--- AVAILABLE DATA Enclosed Below ---
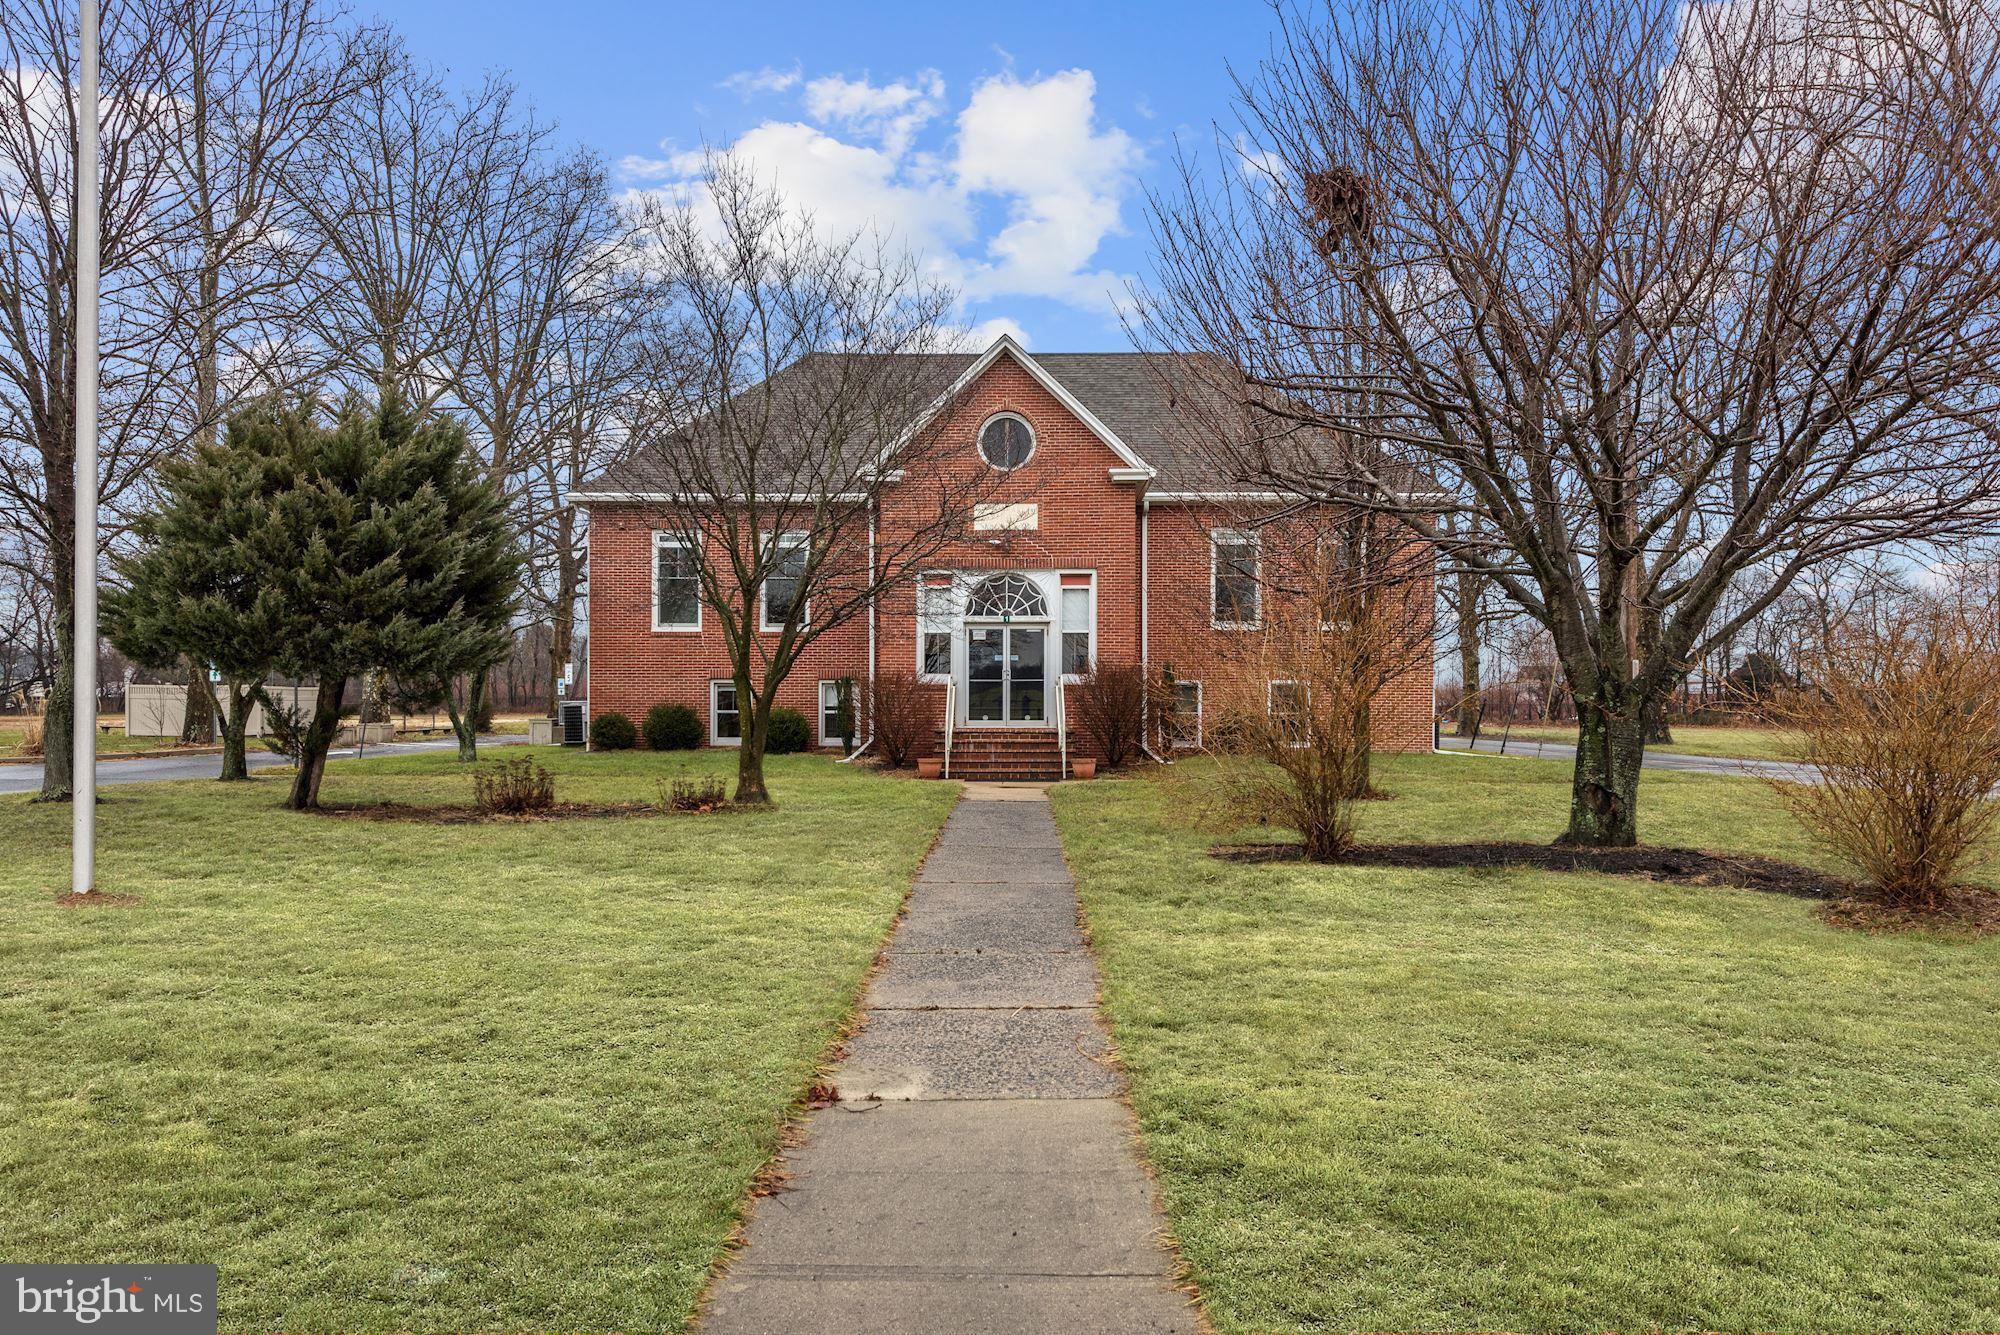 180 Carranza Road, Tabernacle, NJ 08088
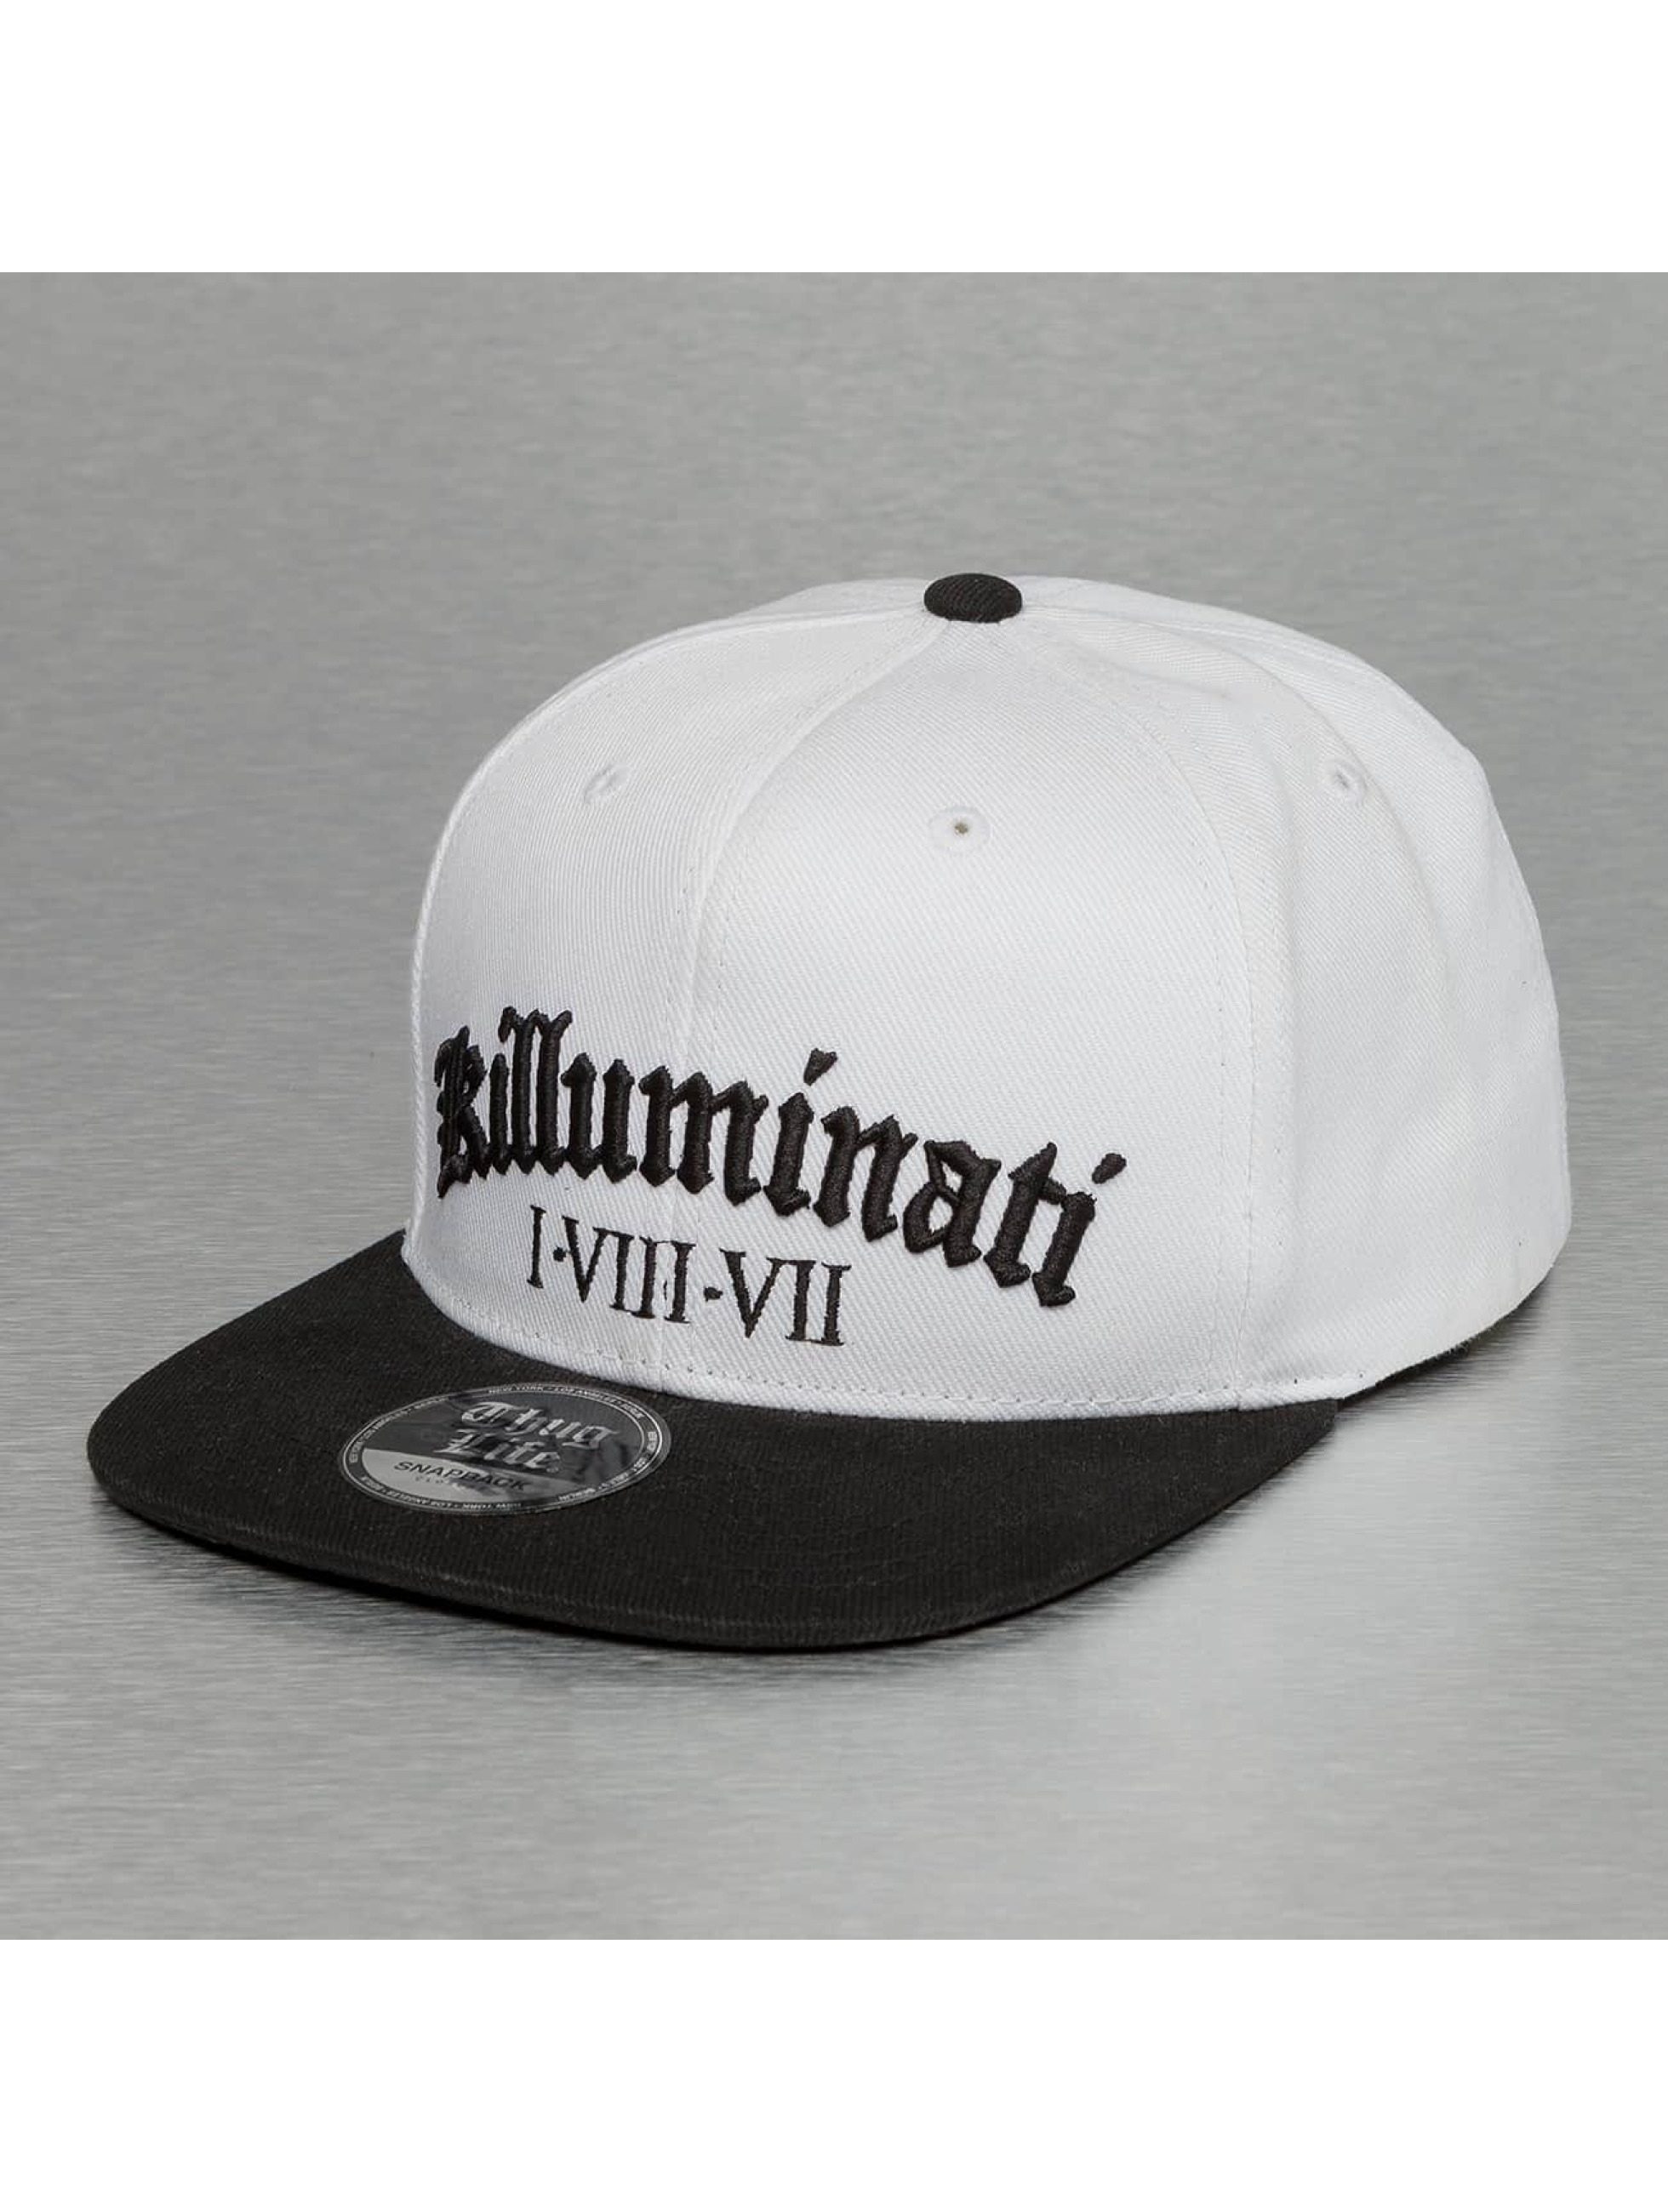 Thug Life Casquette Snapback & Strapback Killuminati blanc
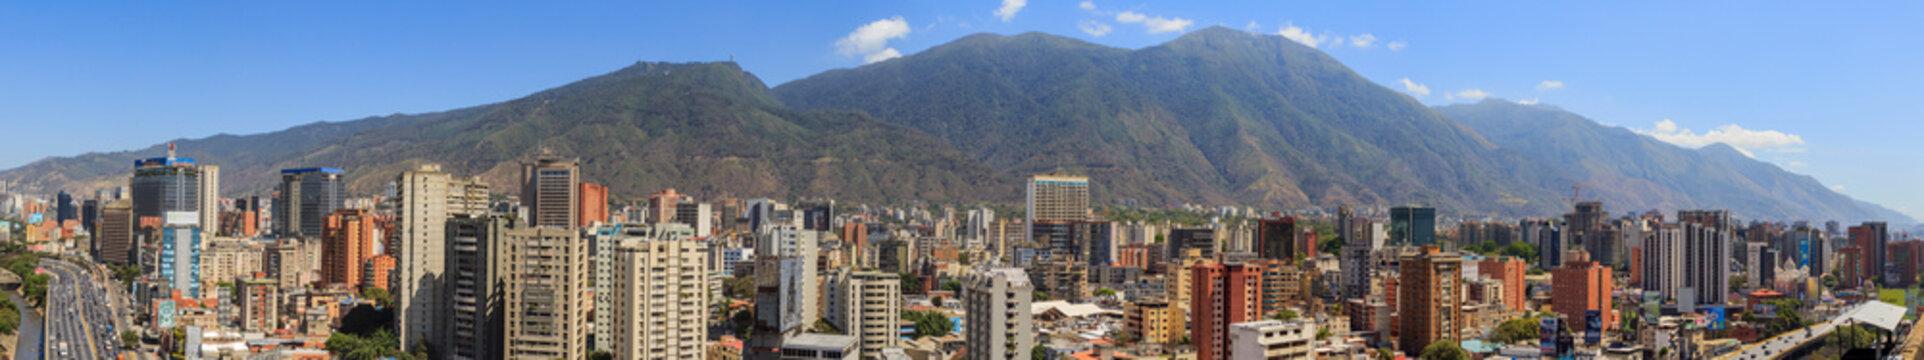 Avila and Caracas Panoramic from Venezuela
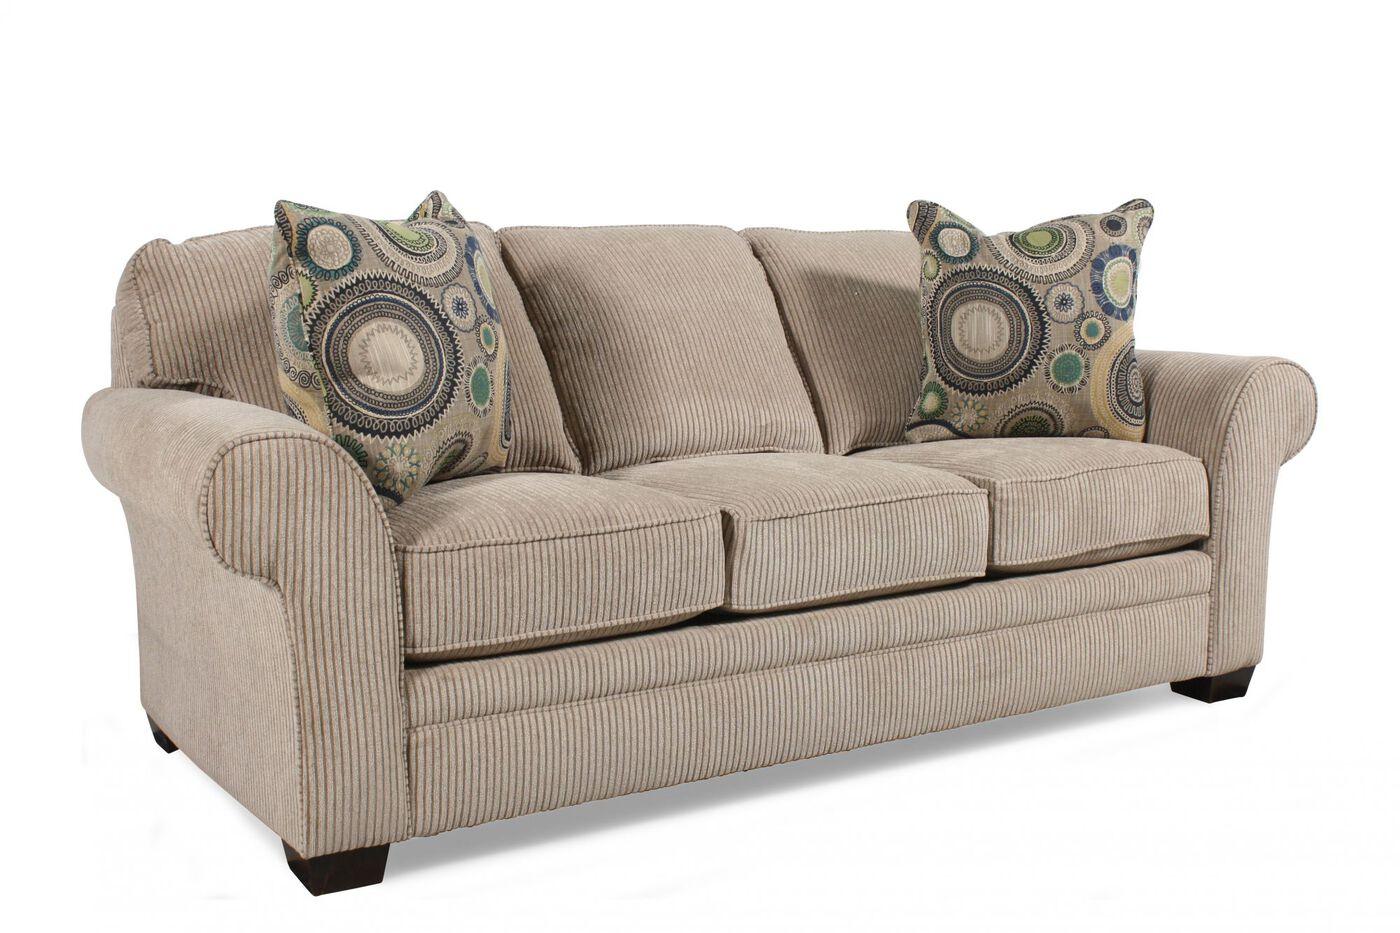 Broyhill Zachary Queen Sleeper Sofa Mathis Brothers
--- End of Enclosed AVAILABLE DATA ---
TASK DIRECTIONS =>
Quote the data exactly, leaving every image out of the copy.

RESPONSE TO THIS EXERCISE =>
 180 Carranza Road, Tabernacle, NJ 08088
 Thug Life Casquette Snapback & Strapback Killuminati blanc
 Avila and Caracas Panoramic from Venezuela
 Broyhill Zachary Queen Sleeper Sofa Mathis Brothers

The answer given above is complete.